WHAT IS EXPECTED:
Nothing but the lines from the one that holds "La technologie rougeoyant" through the end of the material should be repeated, each exactly as it stands, and pictures stay out.

DATA SHOWN:
◆ ◆ ◆ ◆

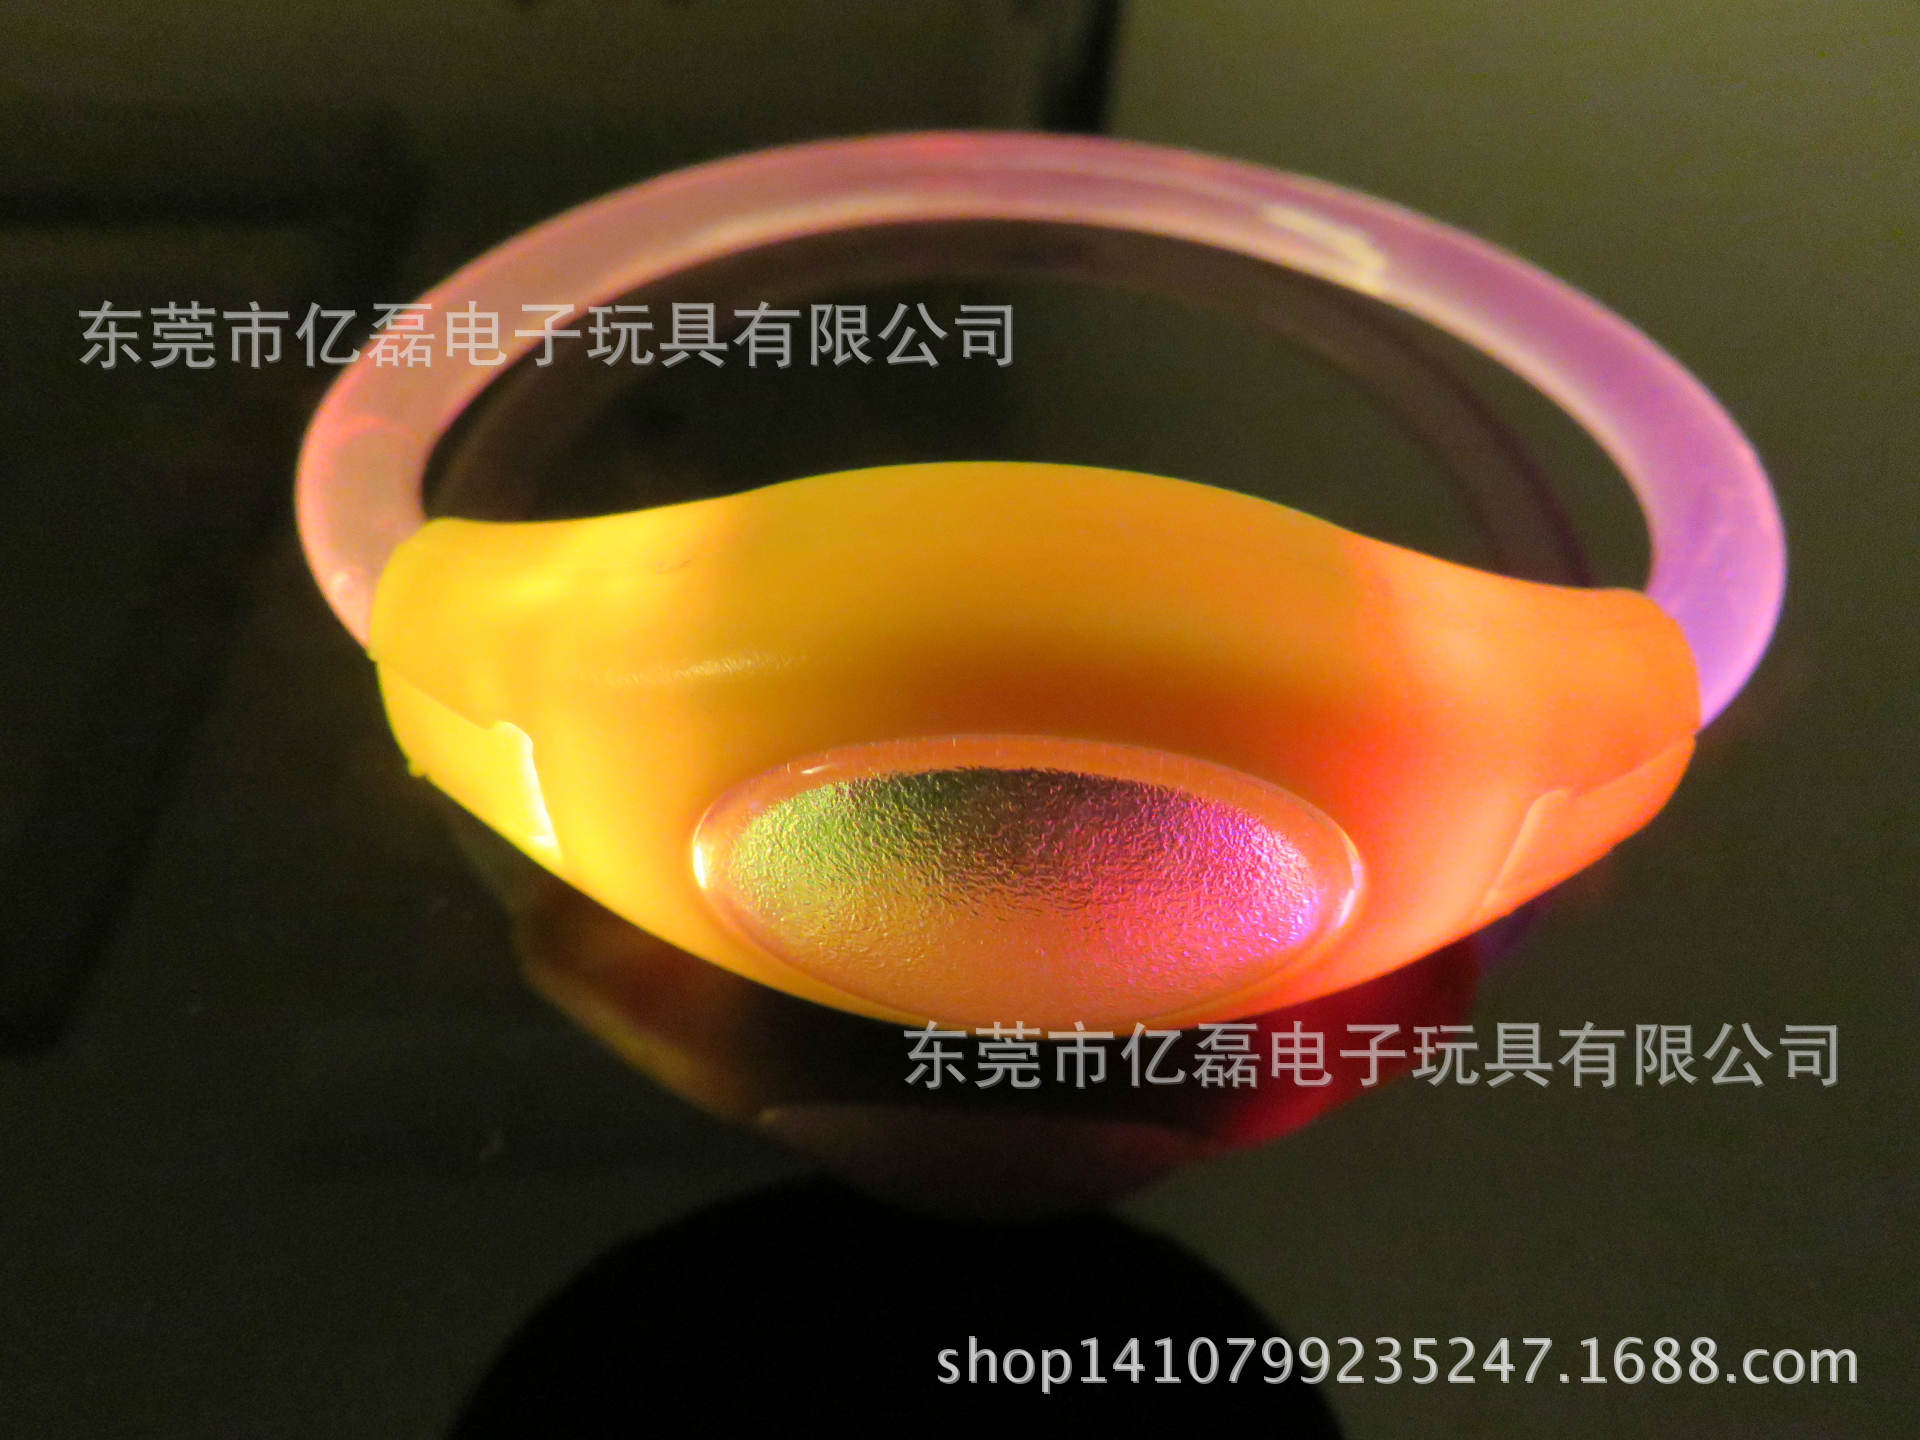 厂家直接销售发光手环,PVC发光手环,环保,CE认证
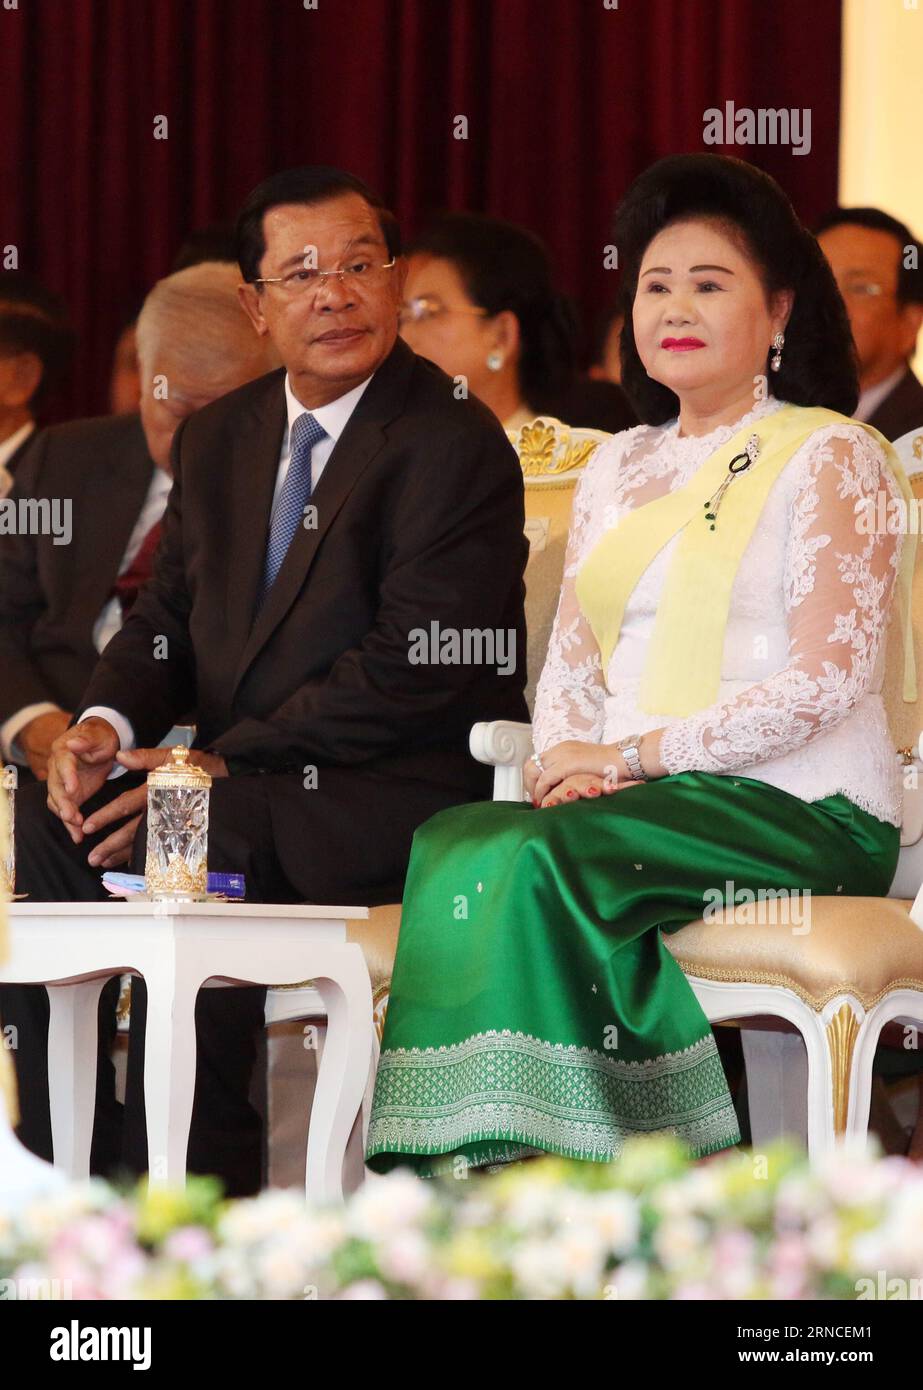 Kambodschas König Norodom Sihamoni während Zeremonie zum bevorstehenden Neujahrsfest (160407) -- PHNOM PENH, le 7 avril 2016 -- le Premier ministre cambodgien Hun Sen (à gauche, devant) et son épouse Bun Rany (à droite, devant) assistent à une cérémonie de bénédiction à Phnom Penh, au Cambodge, le 7 avril 2016. L'Union des Fédérations de jeunes du Cambodge (UYFC) a organisé une cérémonie de bénédiction pour le roi Norodom Sihamoni jeudi soir avant le nouvel an lunaire, qui commence la semaine prochaine du 13 au 16 avril. ) CAMBODGE-PHNOM PENH-ROI-CÉRÉMONIE DE BÉNÉDICTION SOVANNARA PUBLICATIONXNOTXINXCHN Banque D'Images
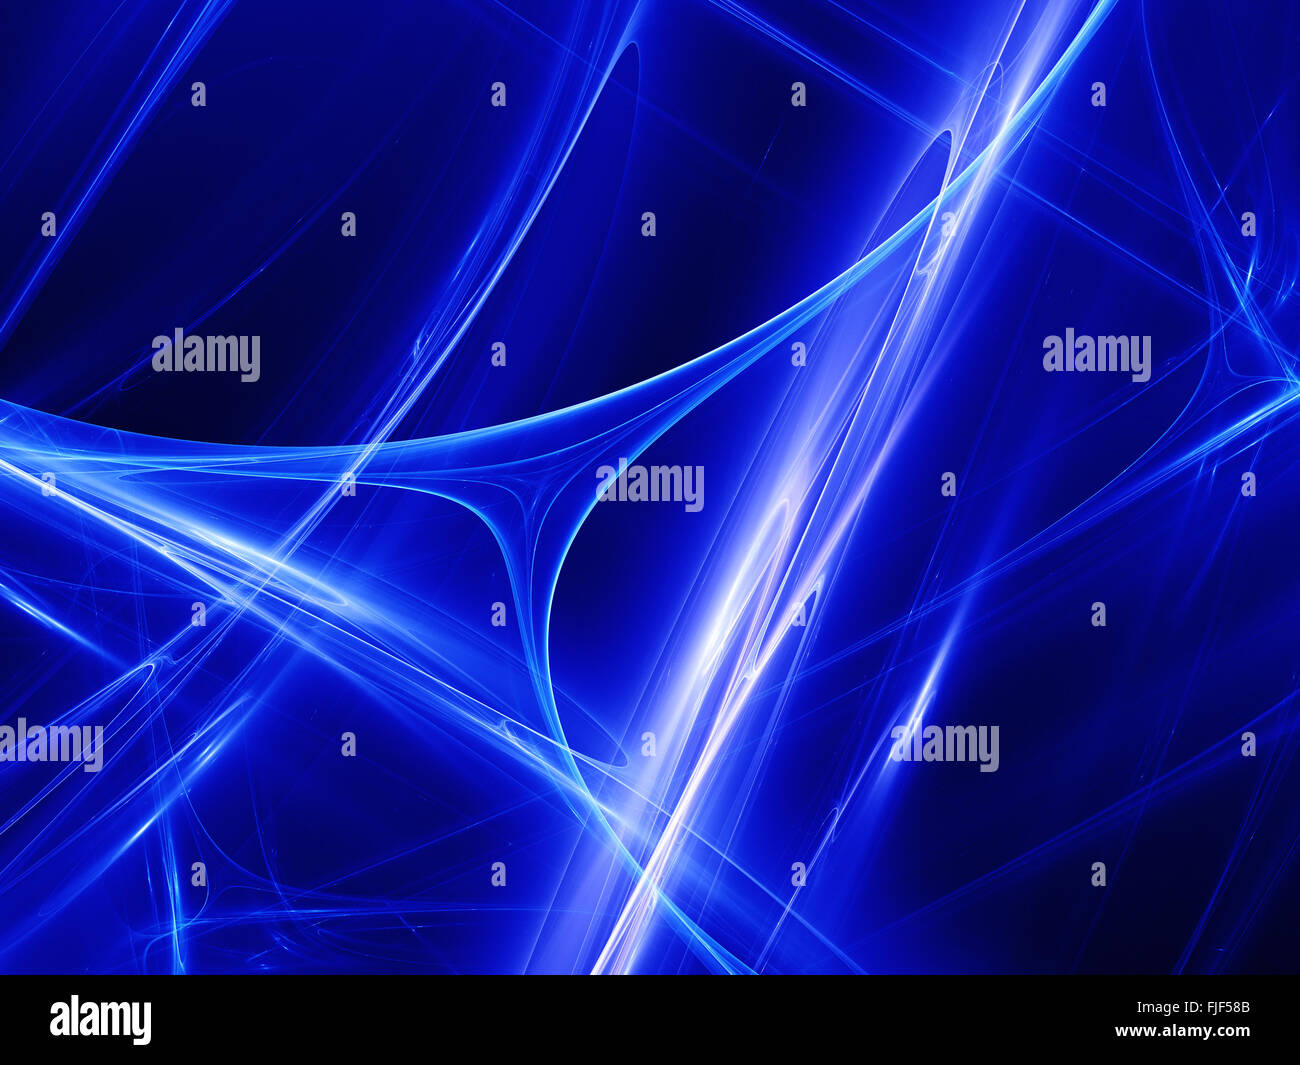 La technologie rougeoyant bleu des courbes dans l'espace, computer generated abstract background Banque D'Images
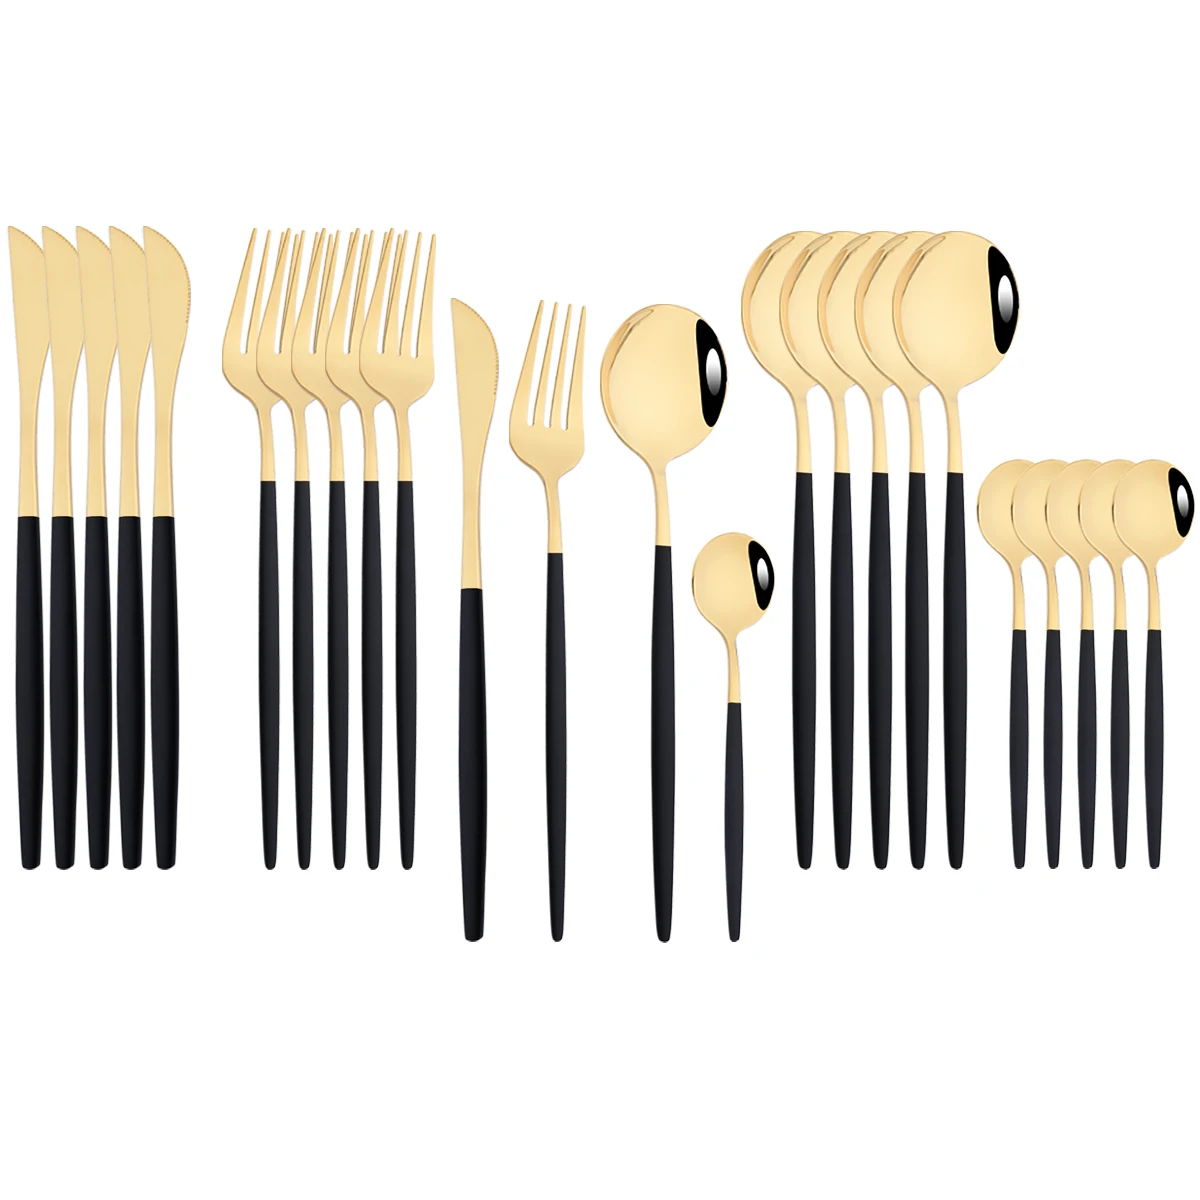 

Набор столовой посуды из нержавеющей стали, комплект из 24 приборов черного и золотого цвета, ножи, вилка, кофейные ложки, столовые приборы

◆ ◆ ◆ ◆

EXERCISE SOLUTION:
 La technologie rougeoyant bleu des courbes dans l'espace, computer generated abstract background Banque D'Images

Набор столовой посуды из нержавеющей стали, комплект из 24 приборов черного и золотого цвета, ножи, вилка, кофейные ложки, столовые приборы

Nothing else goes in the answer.